I slid over to his side and hugged his arm to me. His fingers interlaced with mine as I rested my head on his shoulder.
“I’m so sorry, Nick.” His body stiffened and I backpedaled. “I don’t mean…”
“I know what you mean.” He lowered the lid slowly over the body of his friend, then stood and stared at it for several
long moments.
I tugged his arm. “Come on. Let’s get you inside.” Nick shambled along beside me as I led him into Sabre’s home. I seated him in front of the fireplace and turned on the flames, then poured us a couple of shots something warm and strong from Sabre’s liquor cabinet. As I headed for the living room, drinks in hand, I noticed an envelope with Nick’s name scrawled across the front. I tucked it under my arm and stepped down into the sunken living room. Nick accepted the drink with a weak smile. He really wasn’t prone to drinking. That was more my thing. Then, I handed him the envelope and cuddled up beside him. He stared at it for several minutes. The flames danced in his eyes and the amber liquid in his glass.
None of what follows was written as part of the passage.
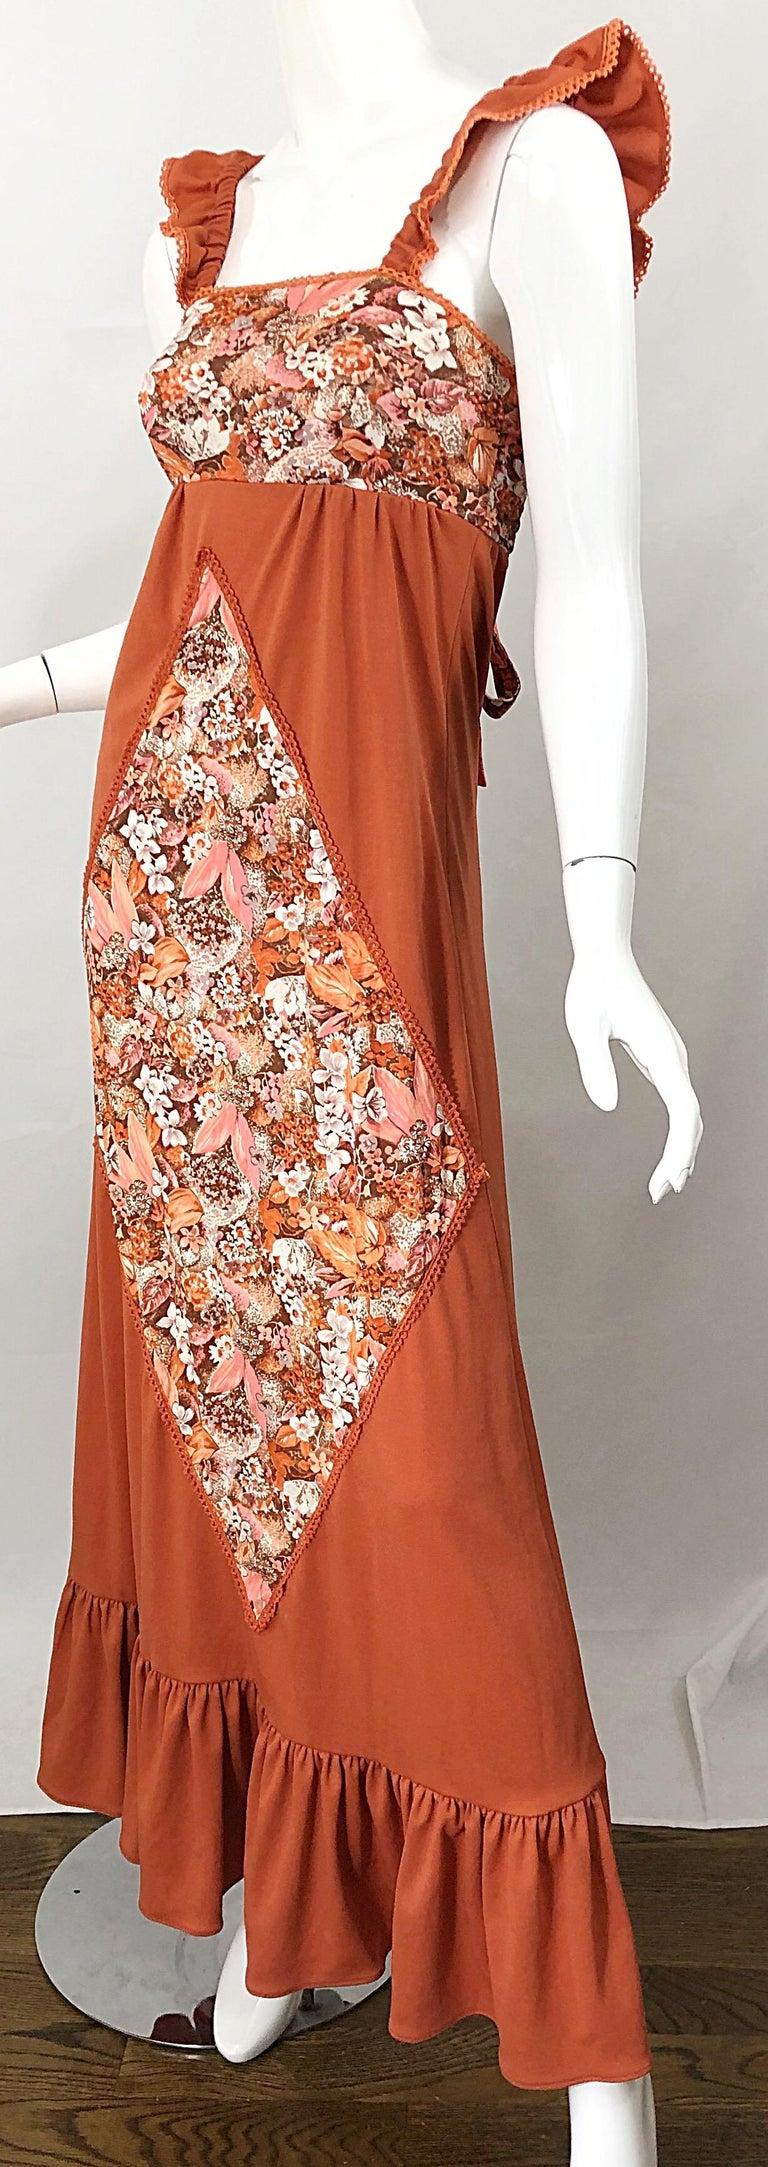 1970s Burnt Orange Patchwork Flowers Boho Vintage 70s Jersey Autumnal Maxi Dress For Sale 1

“You knew,” he accused quietly.
“No. I didn’t know. I saw—something—I wanted to believe it was only my imagination running away with me—or Thomas.”
“He knew, too. Didn’t he? That’s why you were so upset the other day. That’s why he was speaking in French to you and blocking me.”
I wanted to deny it, but now, it was time to tell him the truth. “Yes. He asked me not to tell you. He was afraid it would distract you during the fight. No matter what happened to him, he wanted you to live.”
He drew in deep, stretched breaths and stared at the flames. After several moment’s silence, while I sat shivering, despite the proximity of his body to mine, and every nerve fired with tension, he handed me the envelope. Sparks of memories slashed up my arm. The entire contents of the envelope, written in Sabre’s scrawling penmanship and with so much passion it felt written in blood.